▸ What you have to do:
Taking the listing below, restate word for word each line from the line with "Курица села высиживать" to the line with "Topshop scrunchie in orange...", ends included, and stop there.

── Extracted material

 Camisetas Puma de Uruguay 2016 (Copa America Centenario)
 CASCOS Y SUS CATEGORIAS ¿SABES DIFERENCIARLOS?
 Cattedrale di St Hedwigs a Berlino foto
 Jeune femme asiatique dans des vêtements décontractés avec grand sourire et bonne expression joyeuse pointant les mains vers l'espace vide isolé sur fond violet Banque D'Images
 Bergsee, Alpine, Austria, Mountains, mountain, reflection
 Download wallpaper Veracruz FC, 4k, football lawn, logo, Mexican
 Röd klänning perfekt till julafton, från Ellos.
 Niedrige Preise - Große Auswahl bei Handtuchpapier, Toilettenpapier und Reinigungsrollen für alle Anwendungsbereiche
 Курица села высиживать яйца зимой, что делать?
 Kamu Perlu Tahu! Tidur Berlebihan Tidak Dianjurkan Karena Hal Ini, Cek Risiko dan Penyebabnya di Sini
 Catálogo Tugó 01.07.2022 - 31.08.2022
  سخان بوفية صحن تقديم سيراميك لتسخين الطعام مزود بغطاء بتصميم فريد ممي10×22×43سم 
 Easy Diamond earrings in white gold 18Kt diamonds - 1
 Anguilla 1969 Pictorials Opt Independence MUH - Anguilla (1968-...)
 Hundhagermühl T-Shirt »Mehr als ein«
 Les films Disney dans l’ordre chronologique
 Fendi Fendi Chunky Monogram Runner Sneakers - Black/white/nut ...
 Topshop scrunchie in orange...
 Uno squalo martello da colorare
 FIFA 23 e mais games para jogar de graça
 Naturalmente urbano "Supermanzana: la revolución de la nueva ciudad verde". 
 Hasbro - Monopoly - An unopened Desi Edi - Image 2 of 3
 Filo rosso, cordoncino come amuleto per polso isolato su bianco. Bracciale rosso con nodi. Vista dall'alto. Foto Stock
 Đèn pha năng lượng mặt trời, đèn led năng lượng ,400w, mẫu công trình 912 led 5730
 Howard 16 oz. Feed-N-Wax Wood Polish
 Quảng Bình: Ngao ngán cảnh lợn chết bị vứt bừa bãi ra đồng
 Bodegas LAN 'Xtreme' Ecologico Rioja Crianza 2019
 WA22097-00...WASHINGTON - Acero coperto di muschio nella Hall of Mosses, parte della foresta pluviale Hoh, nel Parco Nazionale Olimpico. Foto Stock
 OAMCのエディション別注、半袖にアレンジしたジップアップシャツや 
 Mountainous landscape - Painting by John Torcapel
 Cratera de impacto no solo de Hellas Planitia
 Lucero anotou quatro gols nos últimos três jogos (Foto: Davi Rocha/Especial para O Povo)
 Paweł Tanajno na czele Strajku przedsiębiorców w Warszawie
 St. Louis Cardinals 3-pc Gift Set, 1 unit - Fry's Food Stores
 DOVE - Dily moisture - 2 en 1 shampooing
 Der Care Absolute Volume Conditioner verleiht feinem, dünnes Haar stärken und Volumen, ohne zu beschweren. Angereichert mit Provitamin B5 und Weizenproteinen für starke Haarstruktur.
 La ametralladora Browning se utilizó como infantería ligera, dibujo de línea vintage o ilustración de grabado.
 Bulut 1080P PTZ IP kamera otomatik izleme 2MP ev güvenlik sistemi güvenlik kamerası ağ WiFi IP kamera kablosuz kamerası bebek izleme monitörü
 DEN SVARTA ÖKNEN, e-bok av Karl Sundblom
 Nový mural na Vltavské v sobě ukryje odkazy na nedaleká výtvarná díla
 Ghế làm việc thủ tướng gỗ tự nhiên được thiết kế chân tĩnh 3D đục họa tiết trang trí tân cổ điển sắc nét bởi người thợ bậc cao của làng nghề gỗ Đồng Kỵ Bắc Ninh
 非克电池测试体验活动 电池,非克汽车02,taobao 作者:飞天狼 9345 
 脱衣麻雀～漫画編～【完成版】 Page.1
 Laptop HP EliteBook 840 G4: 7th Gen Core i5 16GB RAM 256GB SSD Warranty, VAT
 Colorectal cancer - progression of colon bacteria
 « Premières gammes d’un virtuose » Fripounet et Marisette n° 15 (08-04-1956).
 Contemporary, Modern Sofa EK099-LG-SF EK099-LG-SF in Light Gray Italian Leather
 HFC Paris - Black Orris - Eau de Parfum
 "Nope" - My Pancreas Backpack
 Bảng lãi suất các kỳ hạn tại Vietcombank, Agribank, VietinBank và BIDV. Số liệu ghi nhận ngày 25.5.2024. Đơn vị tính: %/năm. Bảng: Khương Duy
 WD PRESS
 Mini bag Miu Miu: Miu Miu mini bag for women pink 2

────

▸ Task solution:
 Курица села высиживать яйца зимой, что делать?
 Kamu Perlu Tahu! Tidur Berlebihan Tidak Dianjurkan Karena Hal Ini, Cek Risiko dan Penyebabnya di Sini
 Catálogo Tugó 01.07.2022 - 31.08.2022
  سخان بوفية صحن تقديم سيراميك لتسخين الطعام مزود بغطاء بتصميم فريد ممي10×22×43سم 
 Easy Diamond earrings in white gold 18Kt diamonds - 1
 Anguilla 1969 Pictorials Opt Independence MUH - Anguilla (1968-...)
 Hundhagermühl T-Shirt »Mehr als ein«
 Les films Disney dans l’ordre chronologique
 Fendi Fendi Chunky Monogram Runner Sneakers - Black/white/nut ...
 Topshop scrunchie in orange...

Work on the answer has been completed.